Task =
Leave every picture out. Set down all the lines below exactly.

-------- Supplied information --------

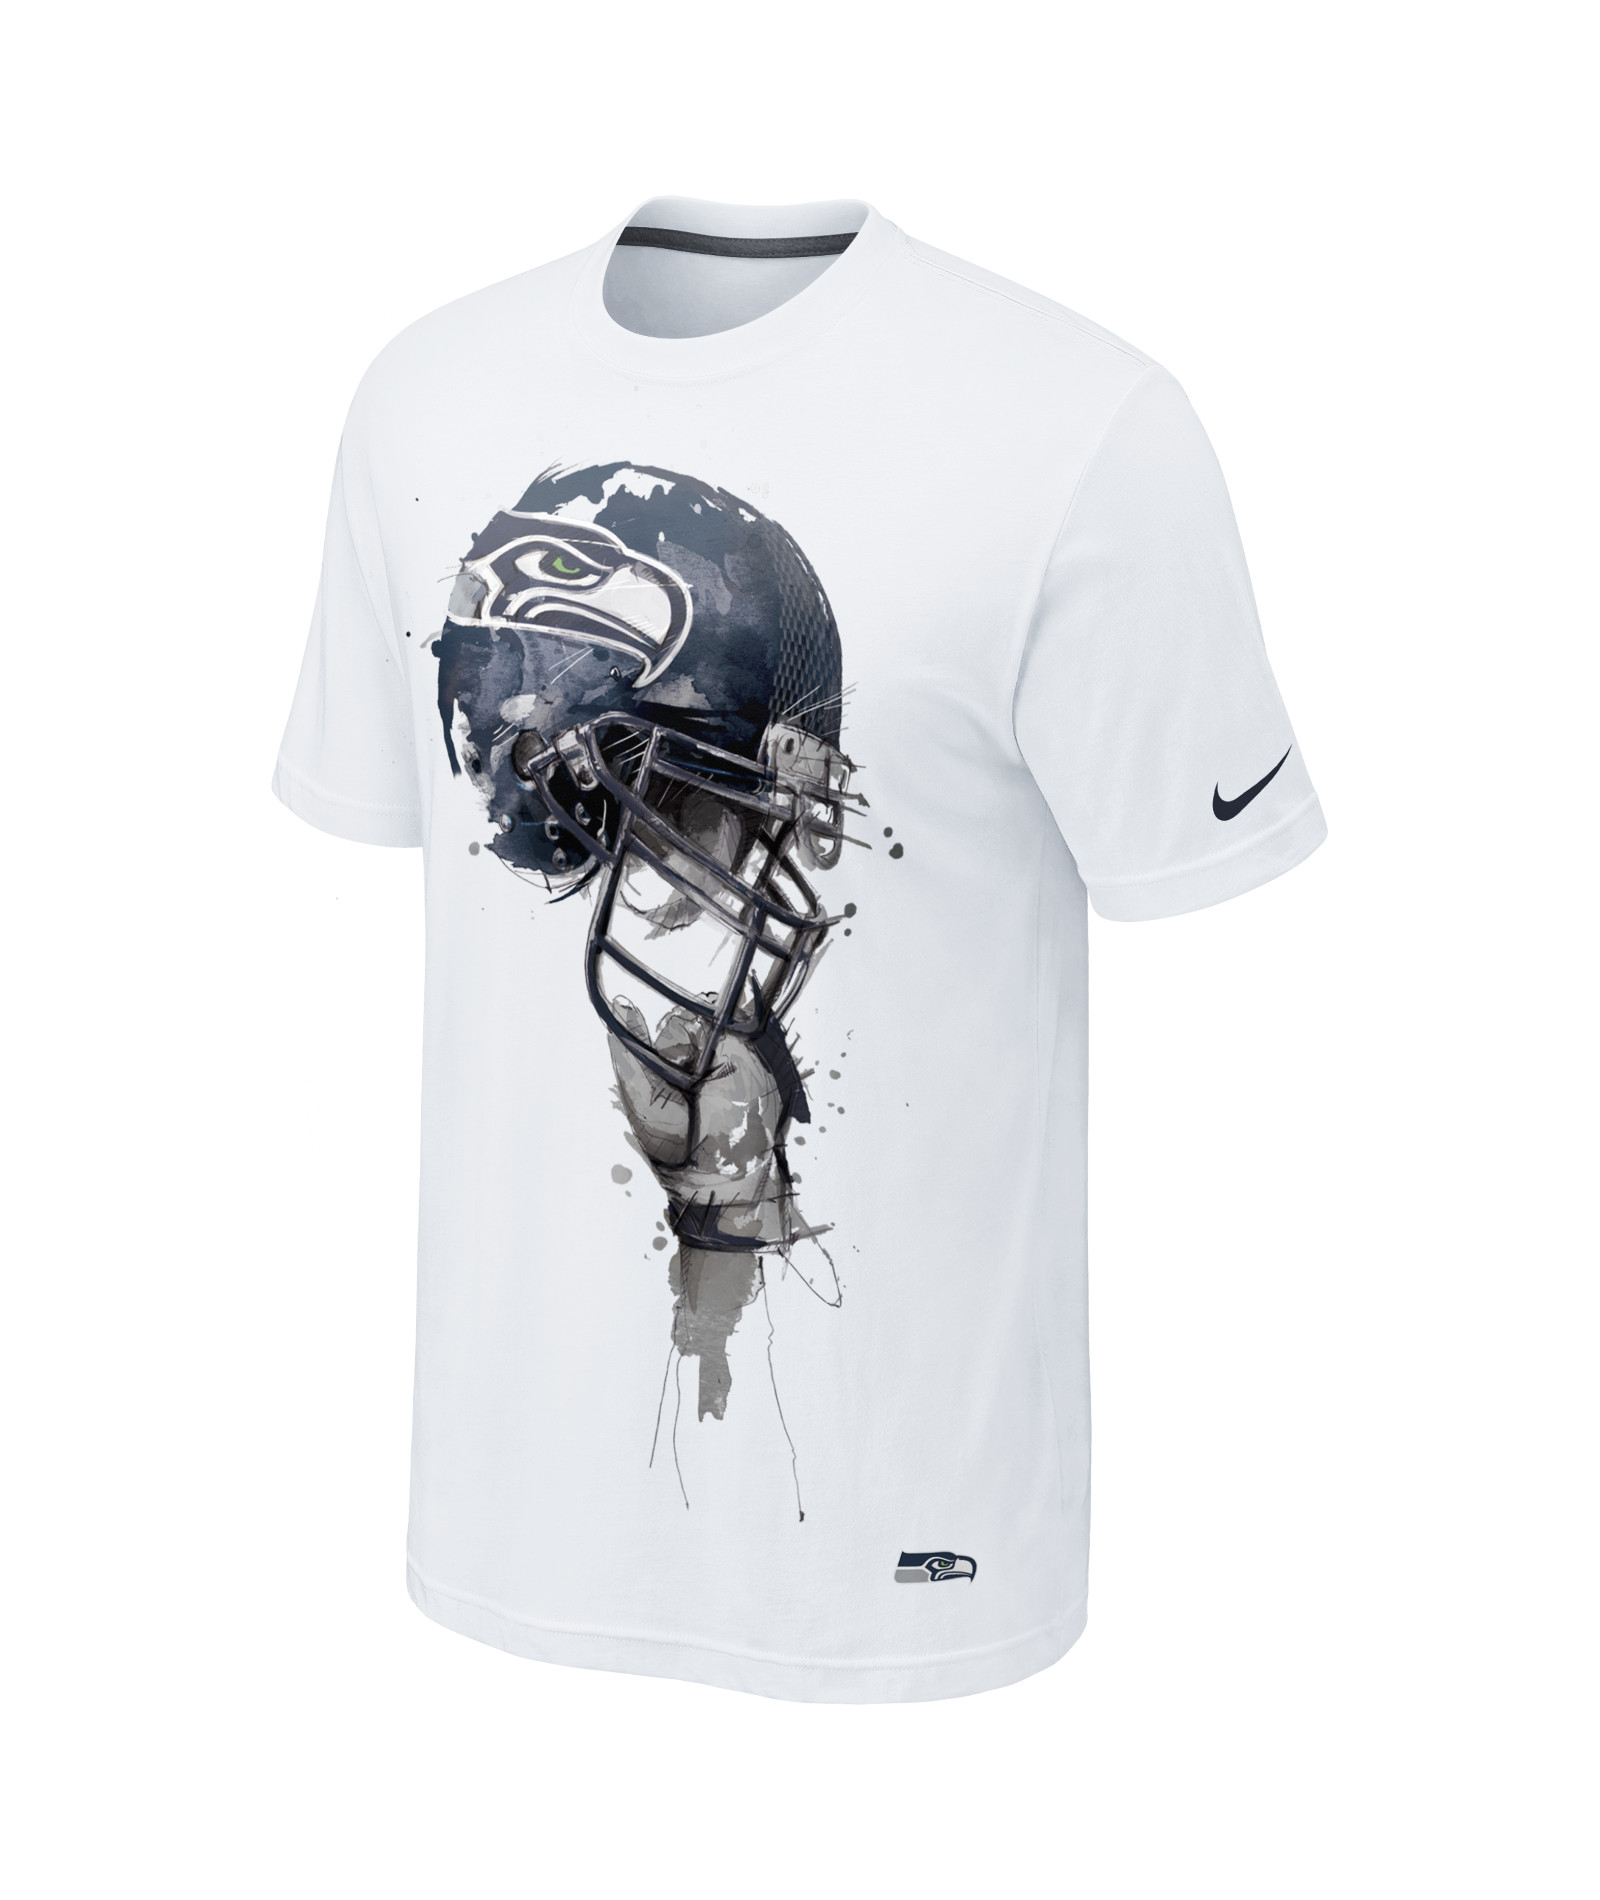 Nike-Helmet-Tri-Blend-%28NFL-49ers%29-Mens-T-Shirt-468360_100_A.jpg?wid=1600&hei=1900&fmt=jpeg&
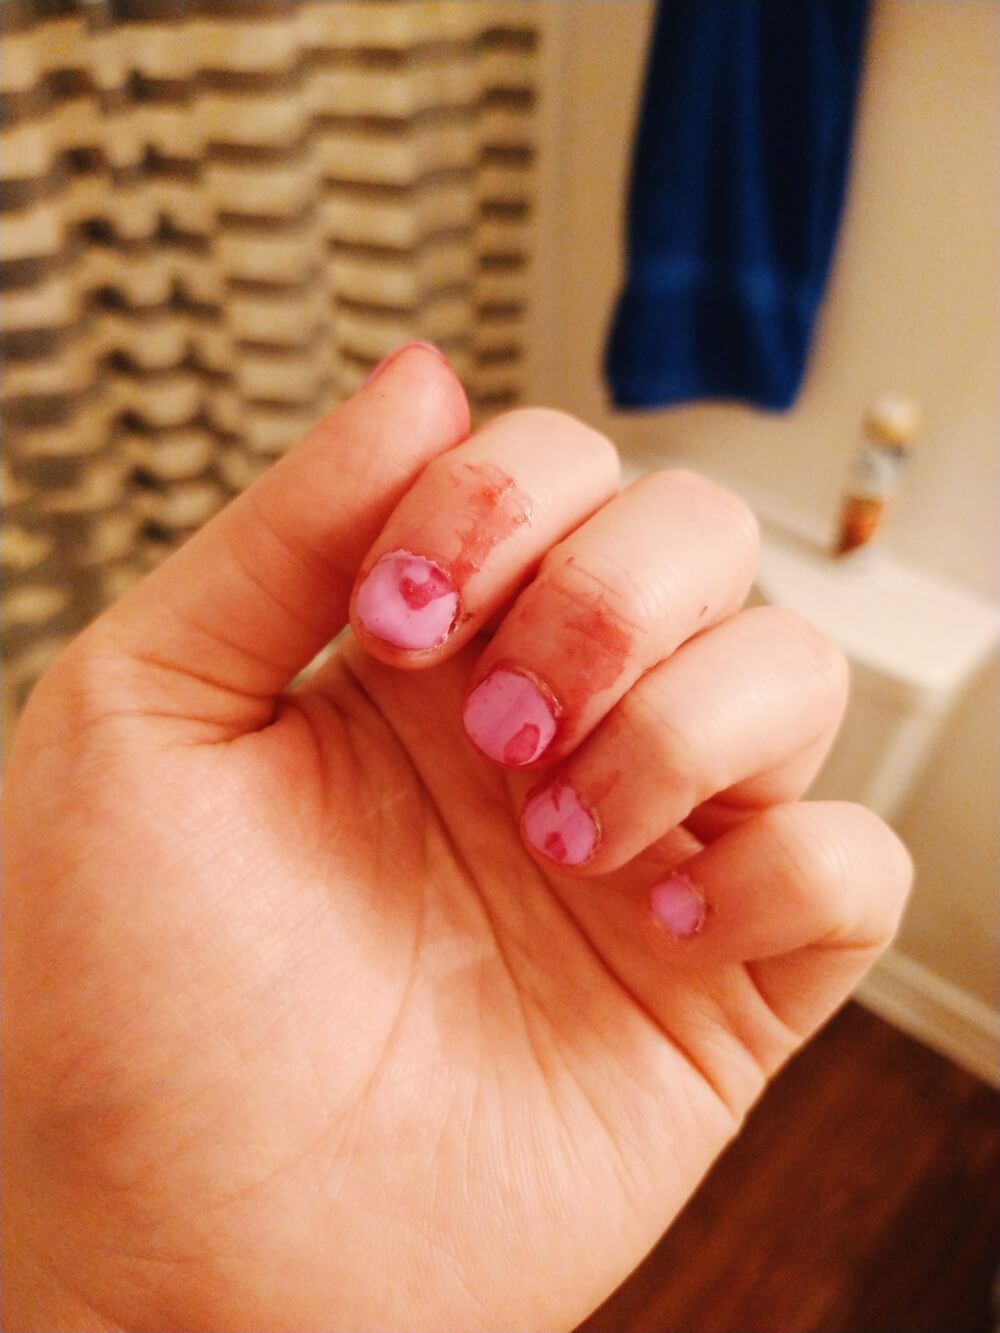 Blood orange on lavender nail-polished fingers on bathroom background to look like menstrual fluid
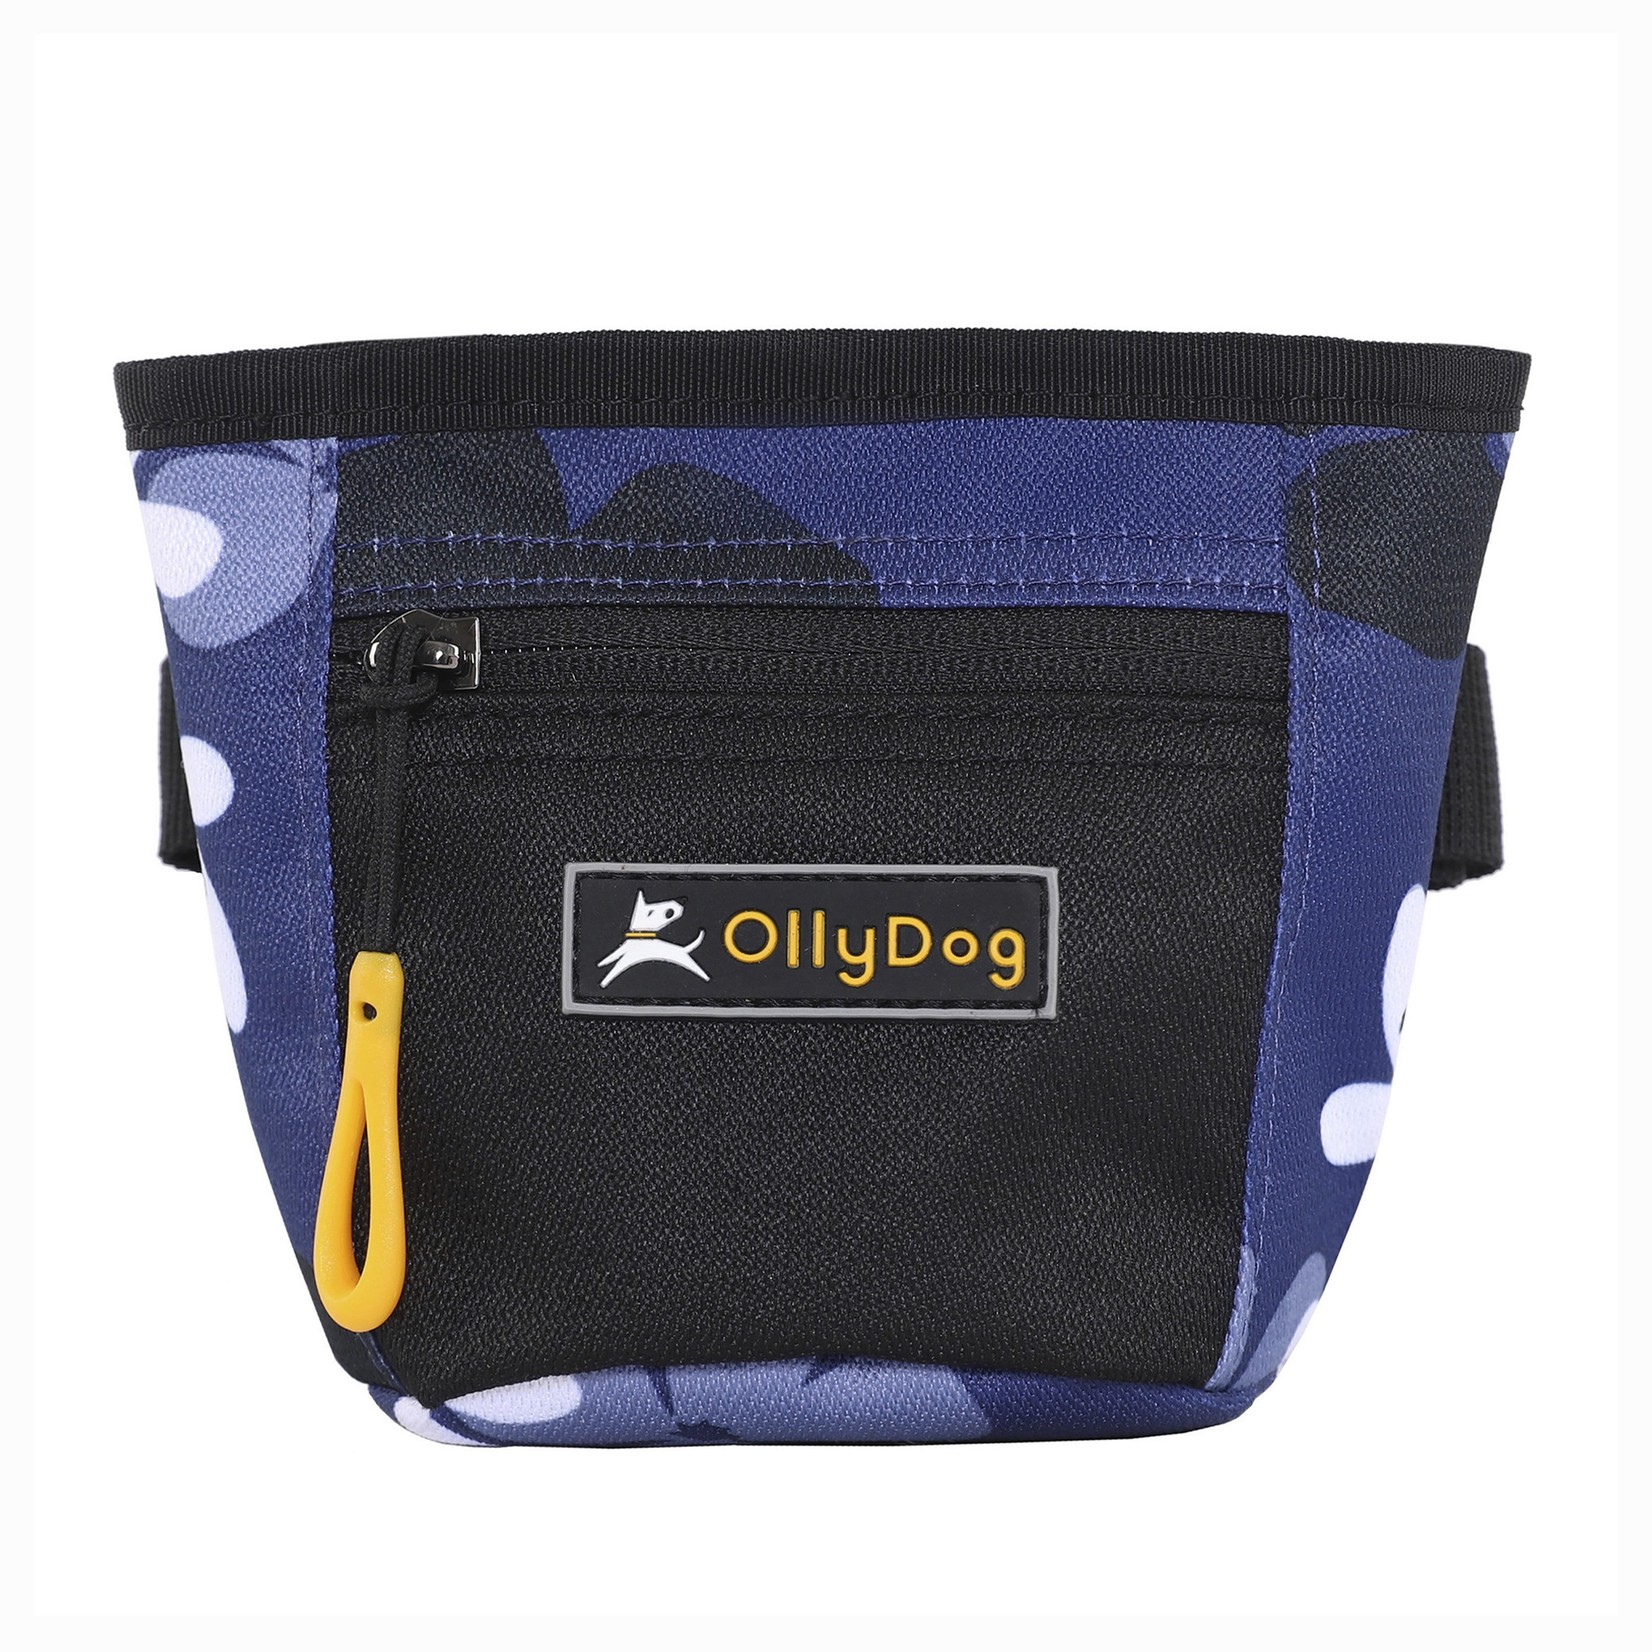 Olly Dog OllyDog Treat Bag

--------

Final answer =
 Nike-Helmet-Tri-Blend-%28NFL-49ers%29-Mens-T-Shirt-468360_100_A.jpg?wid=1600&hei=1900&fmt=jpeg&
 Blood orange on lavender nail-polished fingers on bathroom background to look like menstrual fluid
 Olly Dog OllyDog Treat Bag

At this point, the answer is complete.